What is required:
If pictures appear among the lines below, leave them out while you return exactly the lines from the one with "Skagerak Edge Terracotta" through the one with "baby animals … so cute".

──────── The records

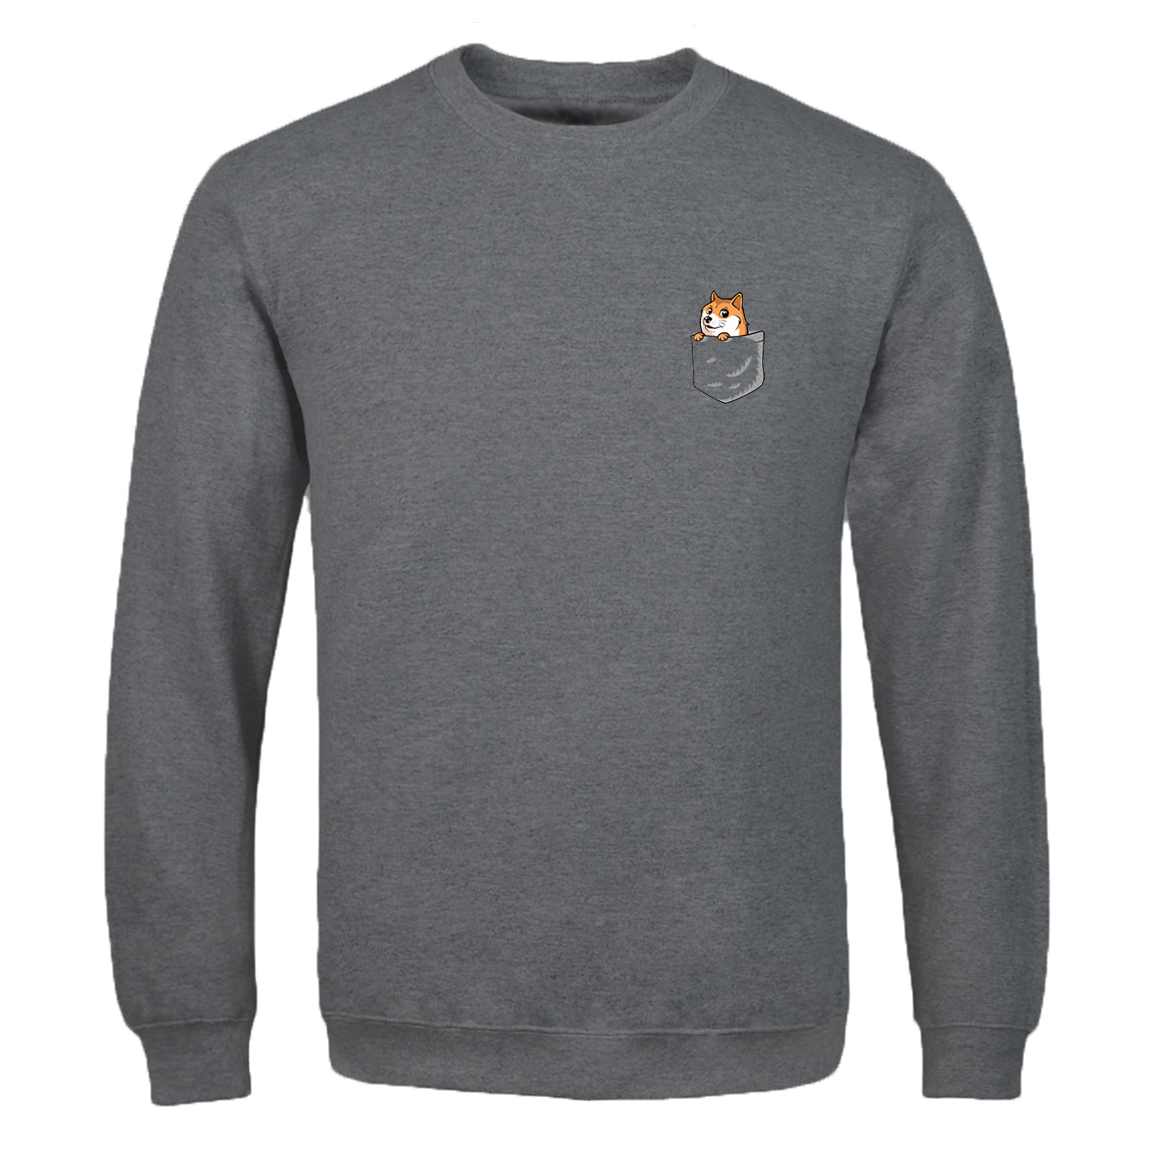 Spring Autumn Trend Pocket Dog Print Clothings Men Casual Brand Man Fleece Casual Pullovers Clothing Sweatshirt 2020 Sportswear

────────────────
──────── The records

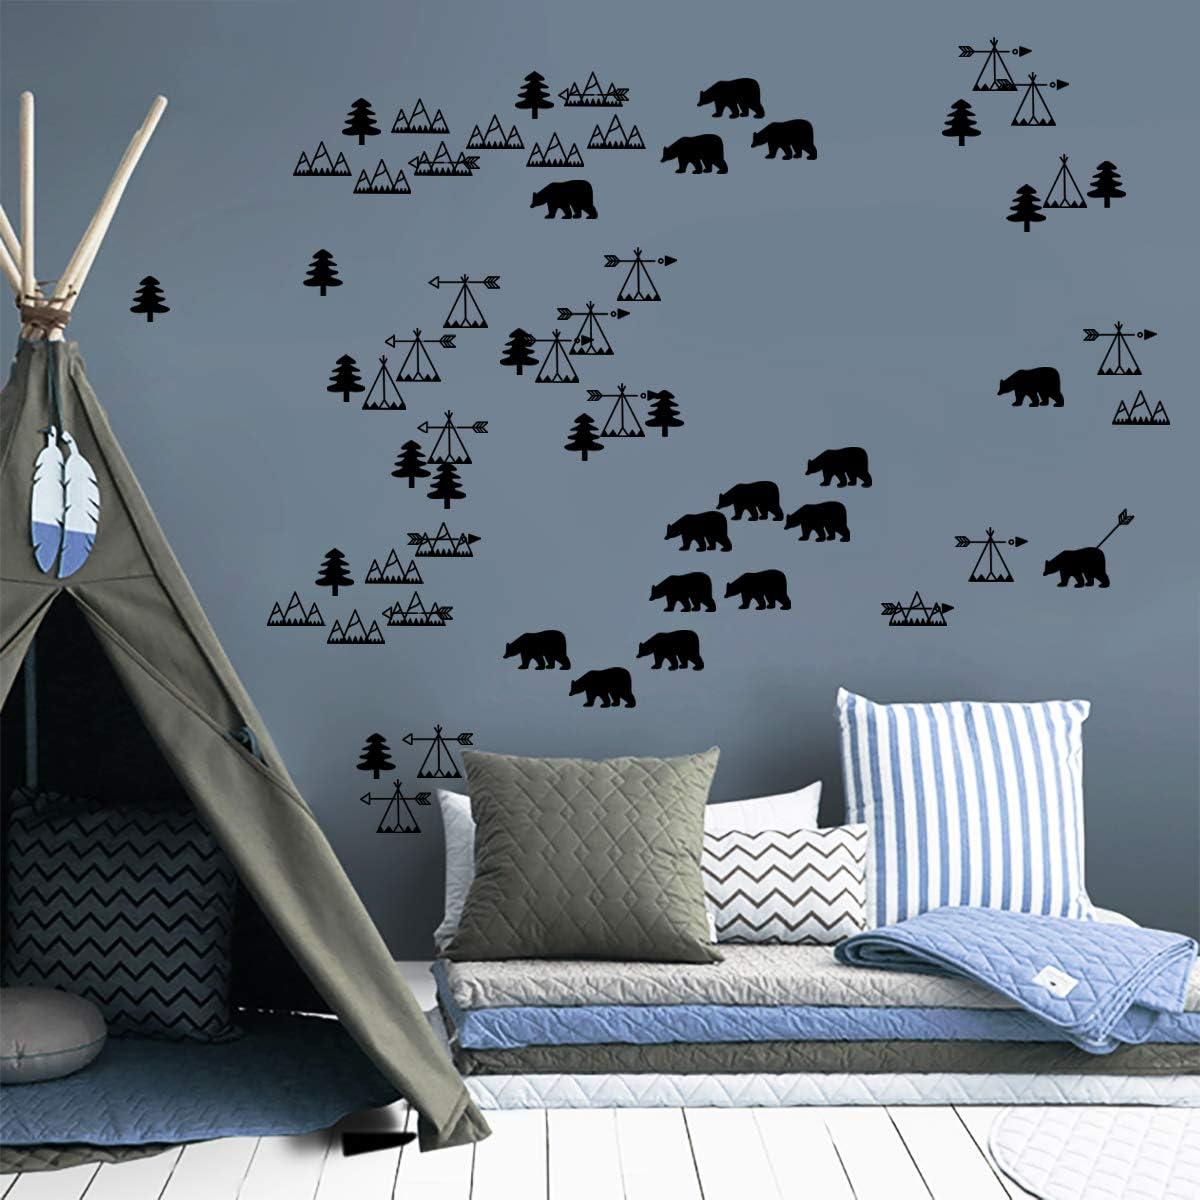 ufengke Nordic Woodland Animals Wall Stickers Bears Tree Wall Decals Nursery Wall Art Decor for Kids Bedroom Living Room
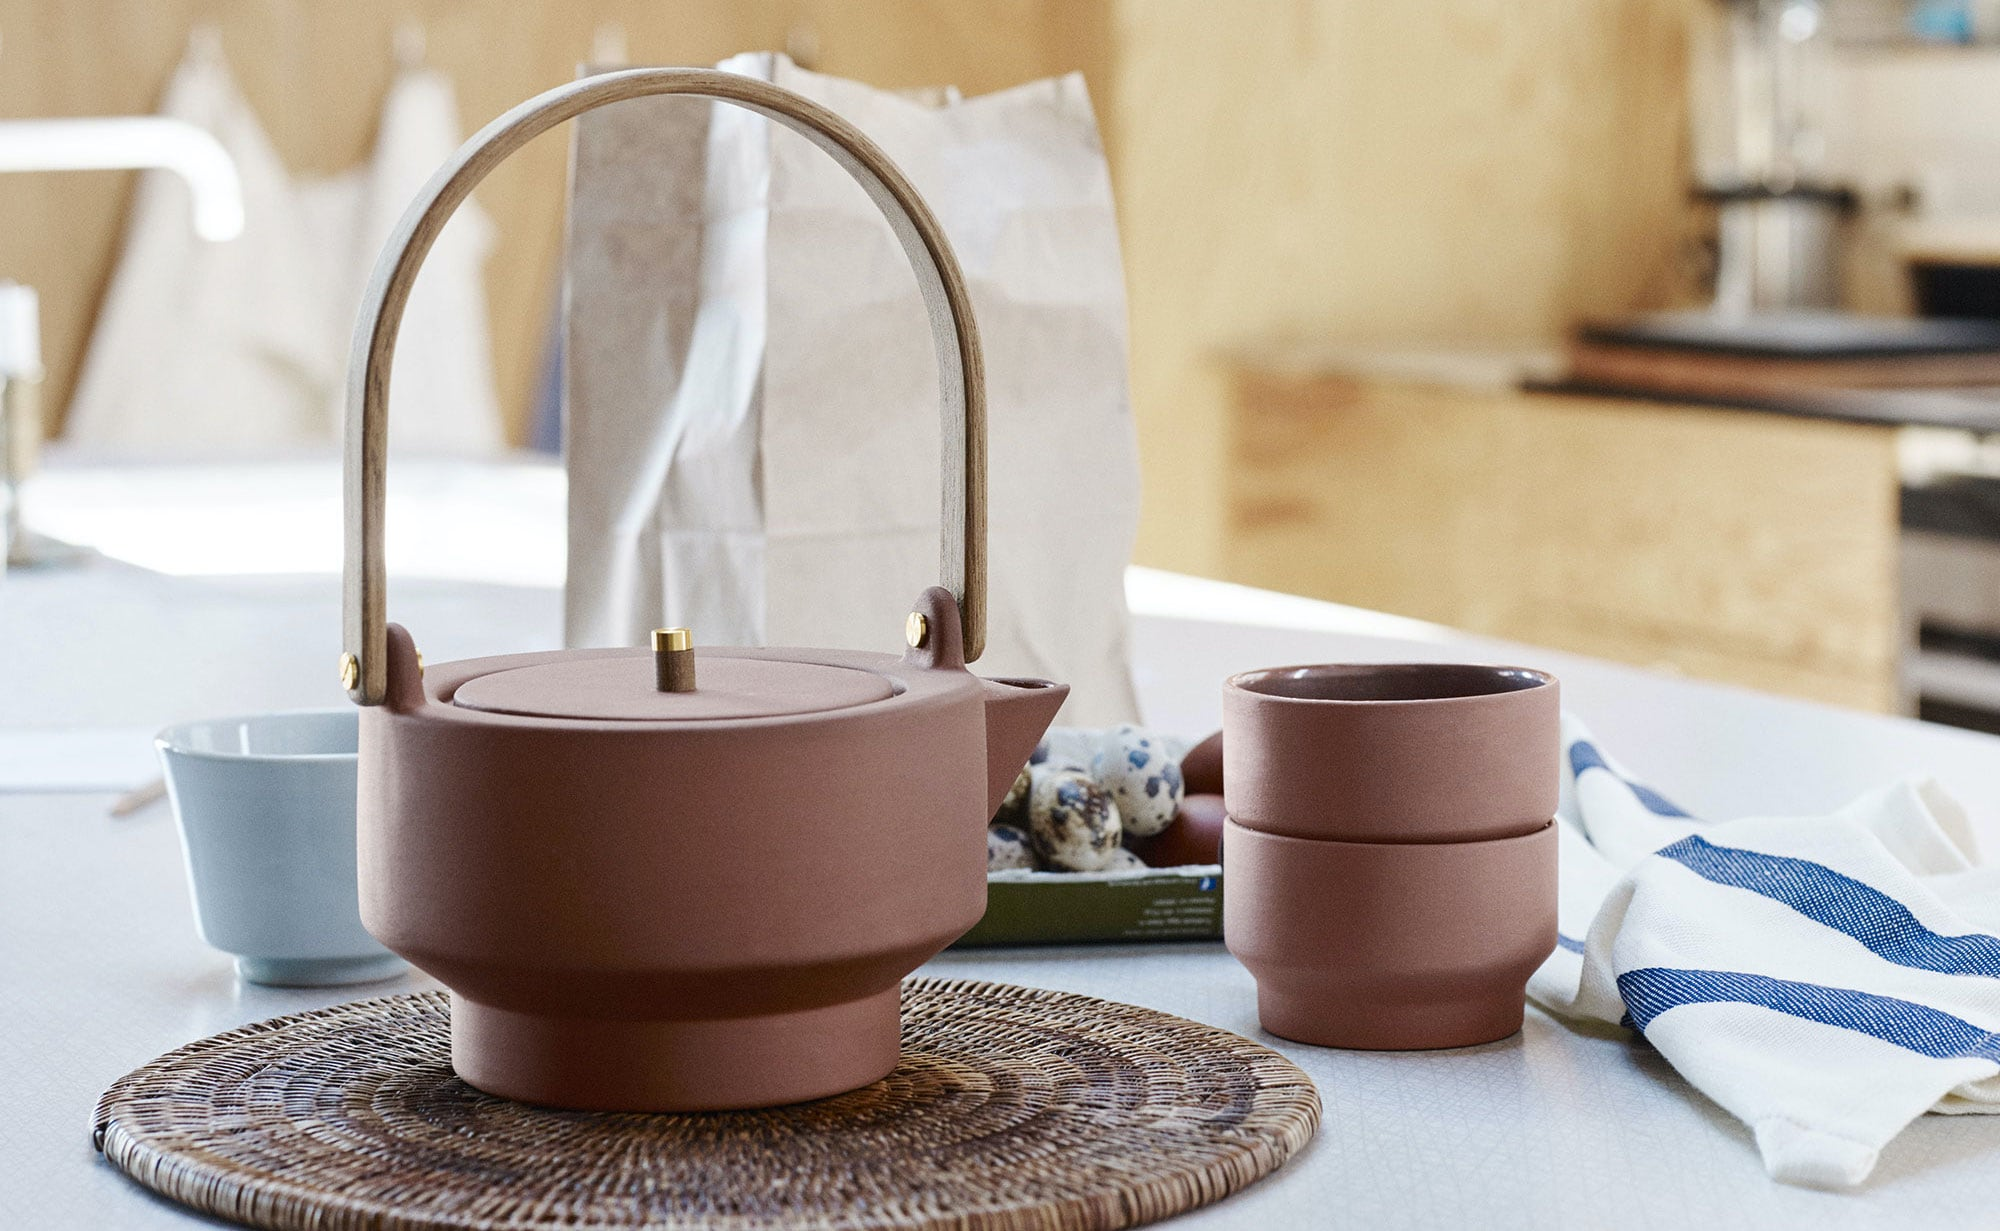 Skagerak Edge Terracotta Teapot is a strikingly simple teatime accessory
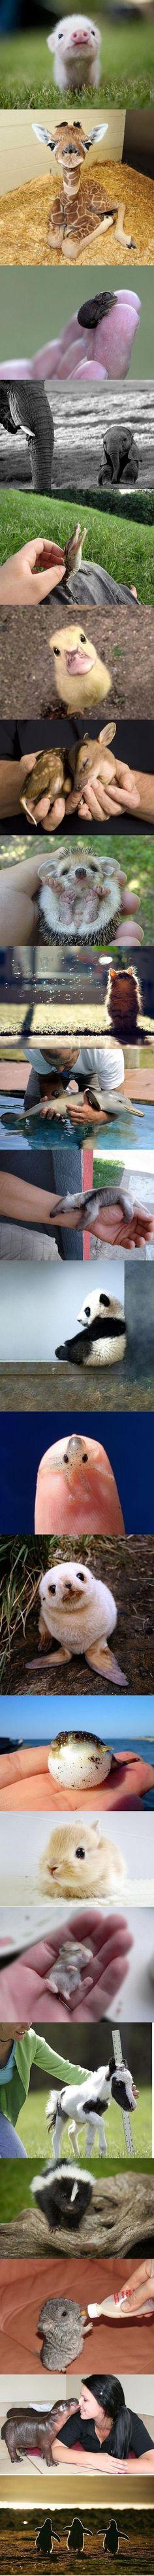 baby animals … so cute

────────────────

Solution for this problem:
 Skagerak Edge Terracotta Teapot is a strikingly simple teatime accessory
 baby animals … so cute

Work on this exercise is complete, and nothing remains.